The problem
Everything from the line with "3 mẫu bảng vẽ" through the final line of the listing below must be retyped exactly, apart from the pictures.

Supplied data
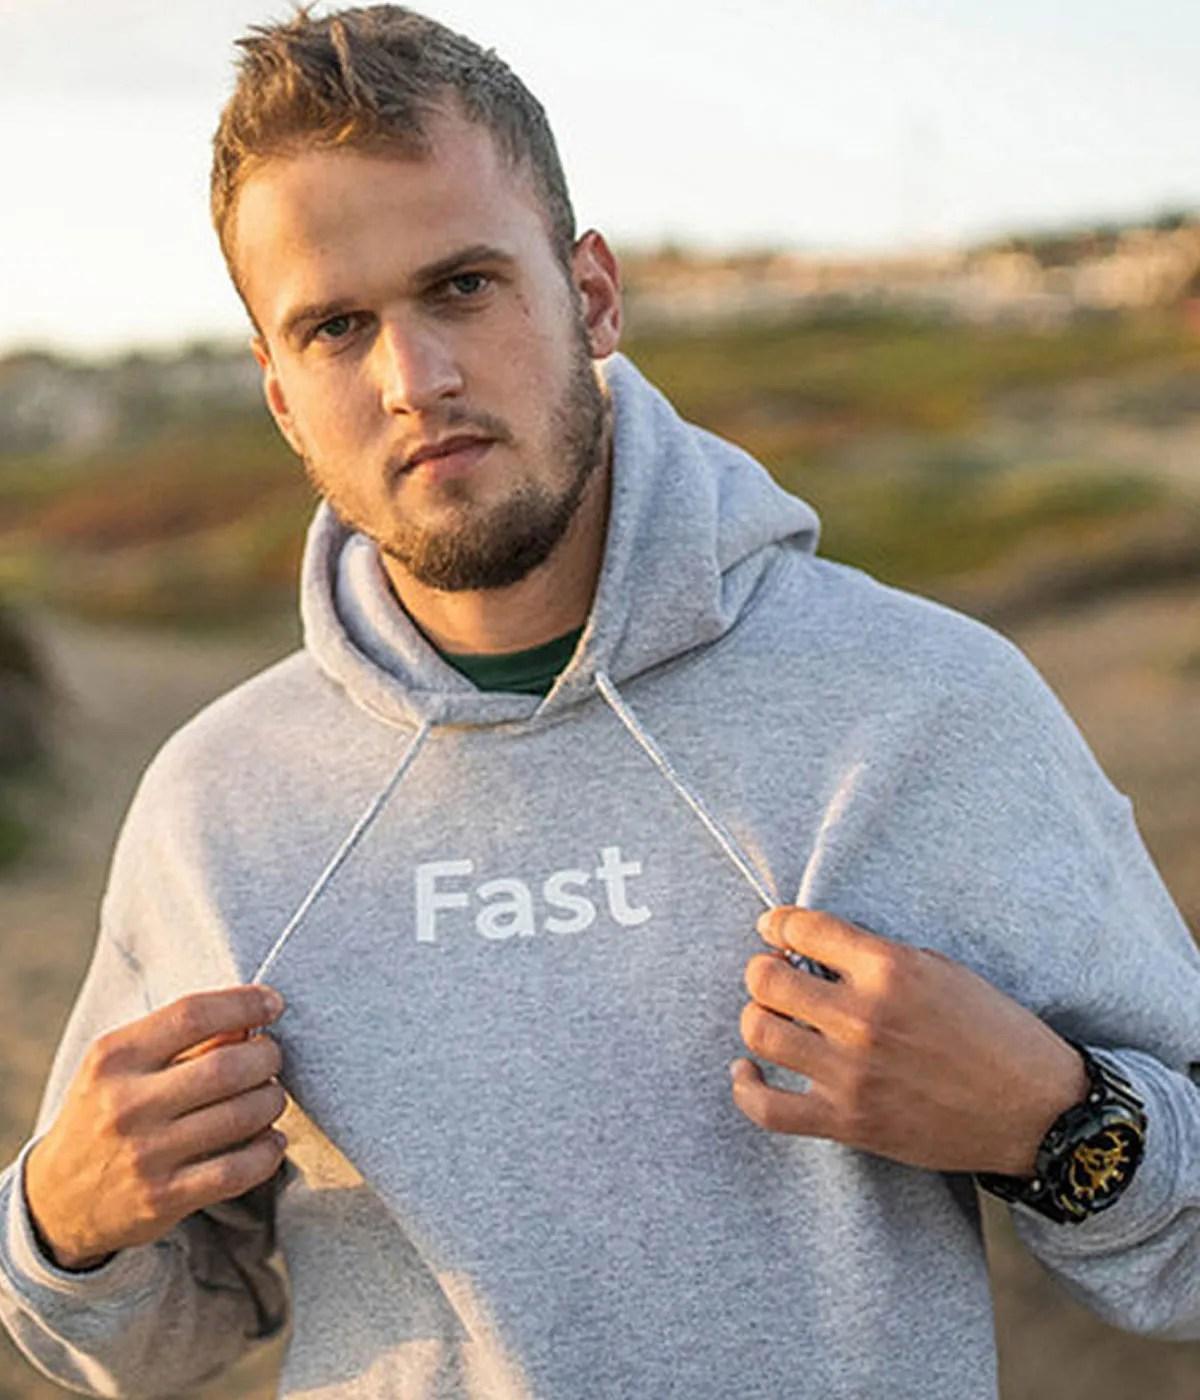 fast-parker-kligerman-hoodie
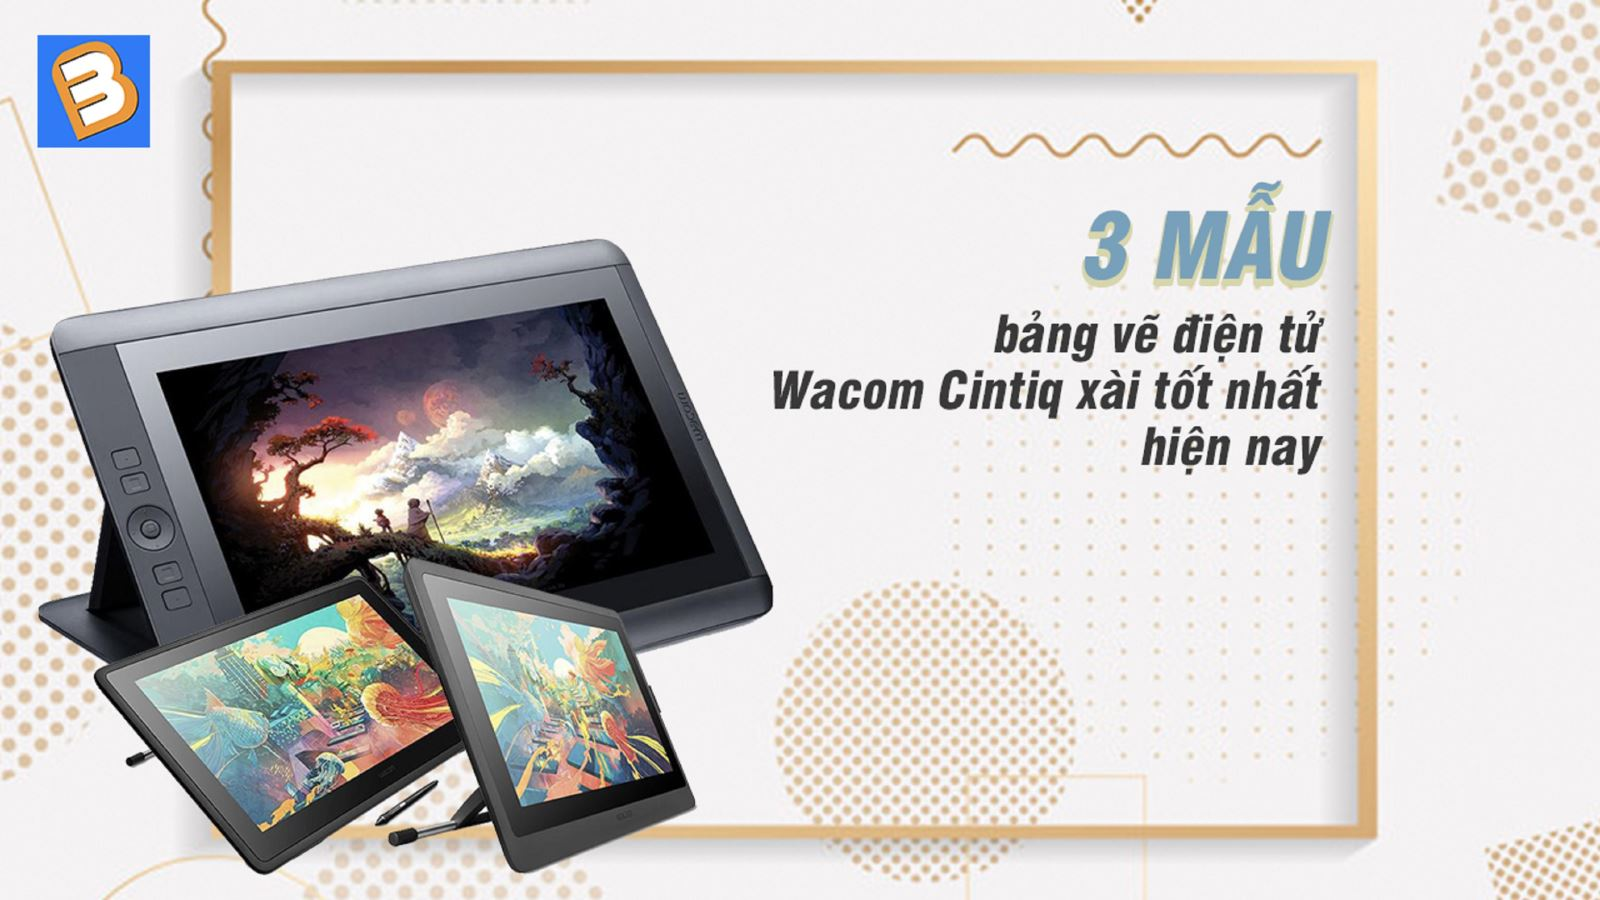 3 mẫu bảng vẽ điện tử Wacom Cintiq xài tốt nhất hiện nay
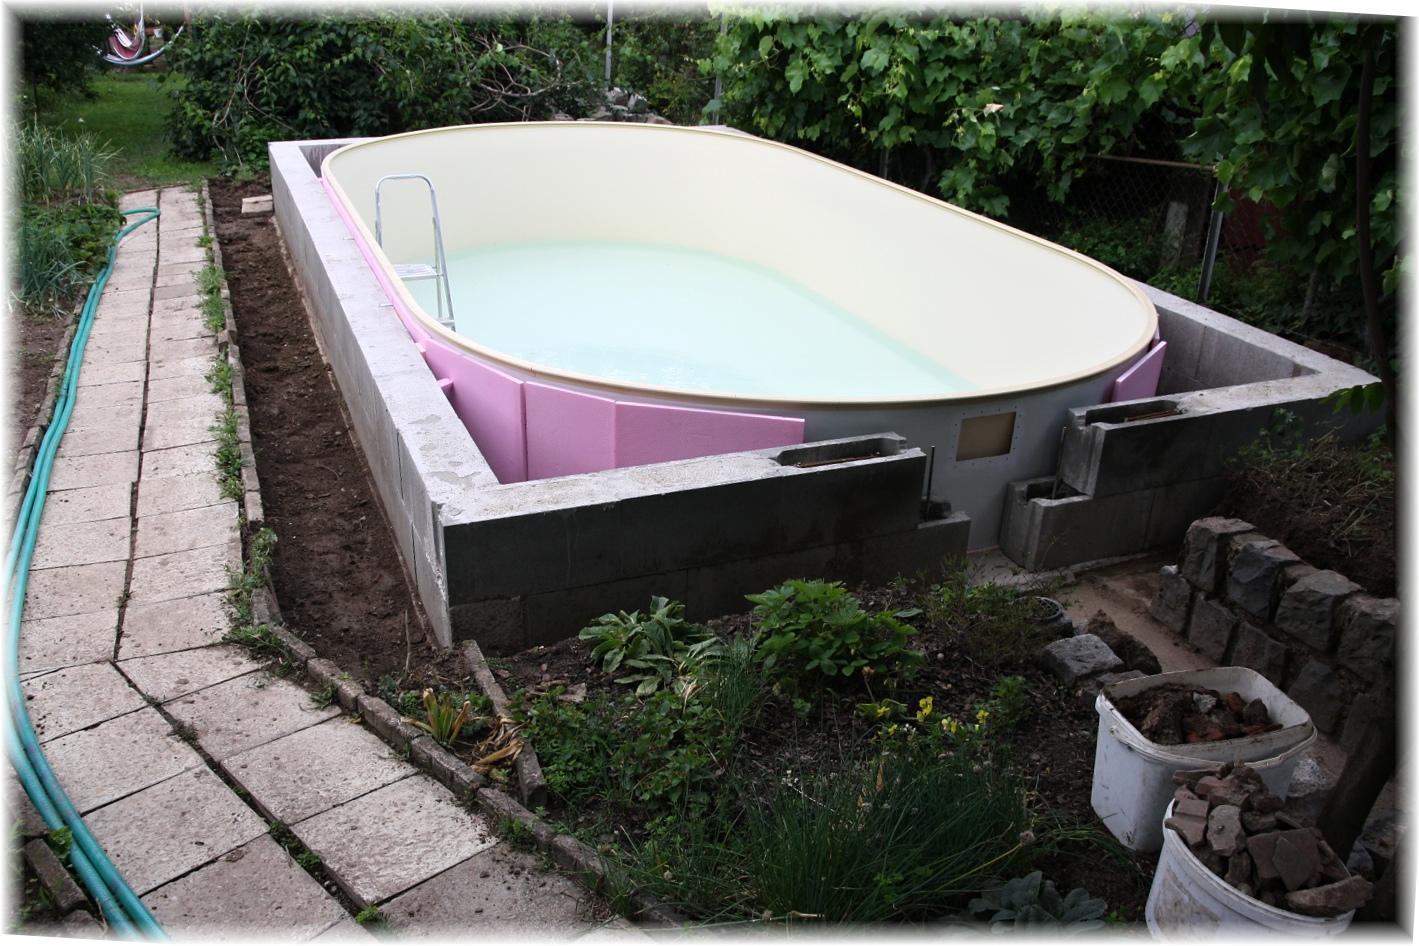 Vlastníma rukama - ze skleníku bazén - včera začal manžel kopat díry na trubky
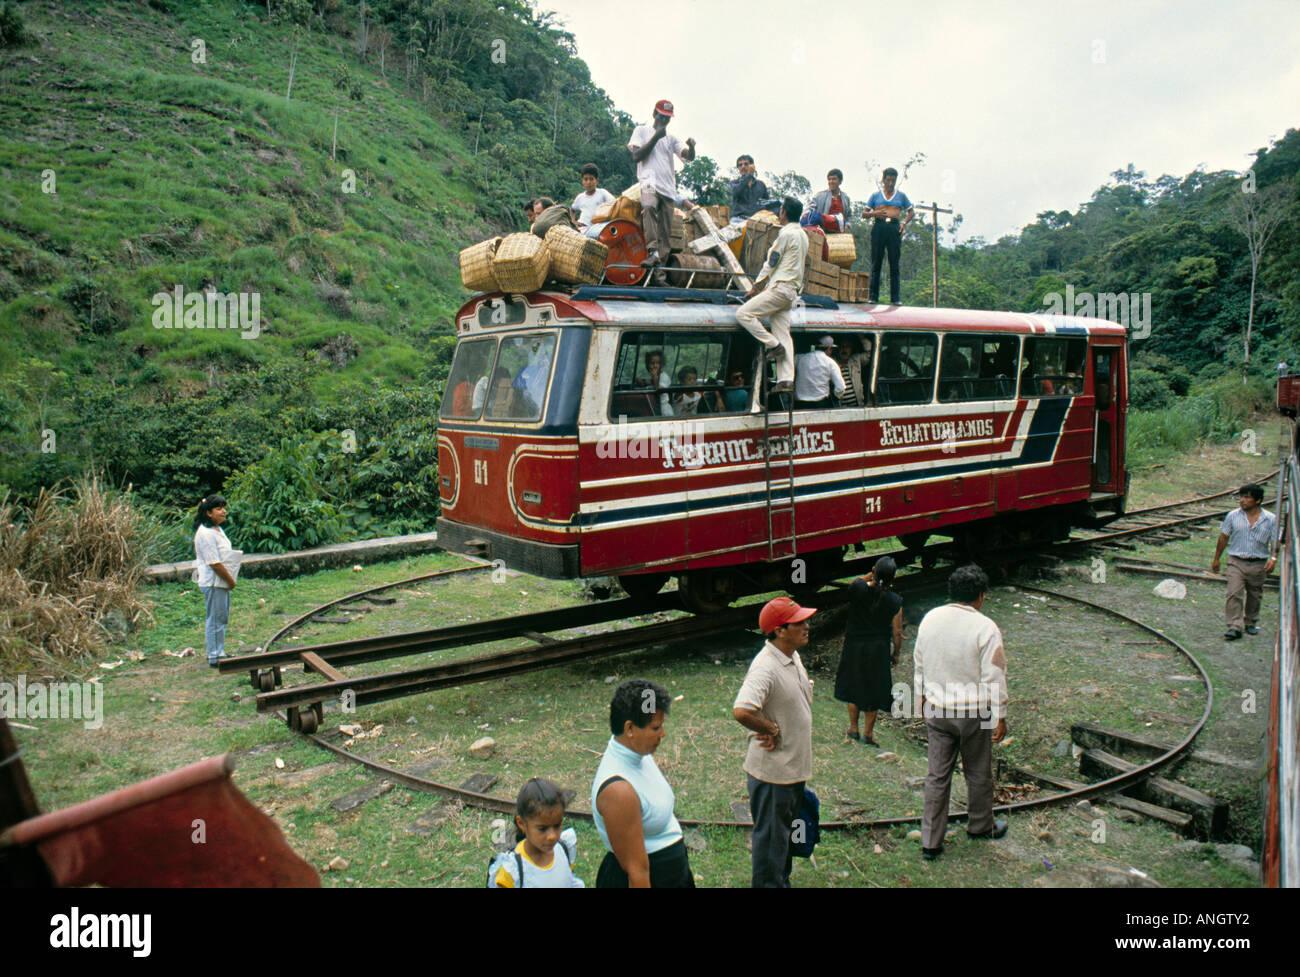 Train to San Lorenzo, Ibarra, Ecuador - Stock Image

Finished task
 3 mẫu bảng vẽ điện tử Wacom Cintiq xài tốt nhất hiện nay
 Vlastníma rukama - ze skleníku bazén - včera začal manžel kopat díry na trubky
 Train to San Lorenzo, Ibarra, Ecuador - Stock Image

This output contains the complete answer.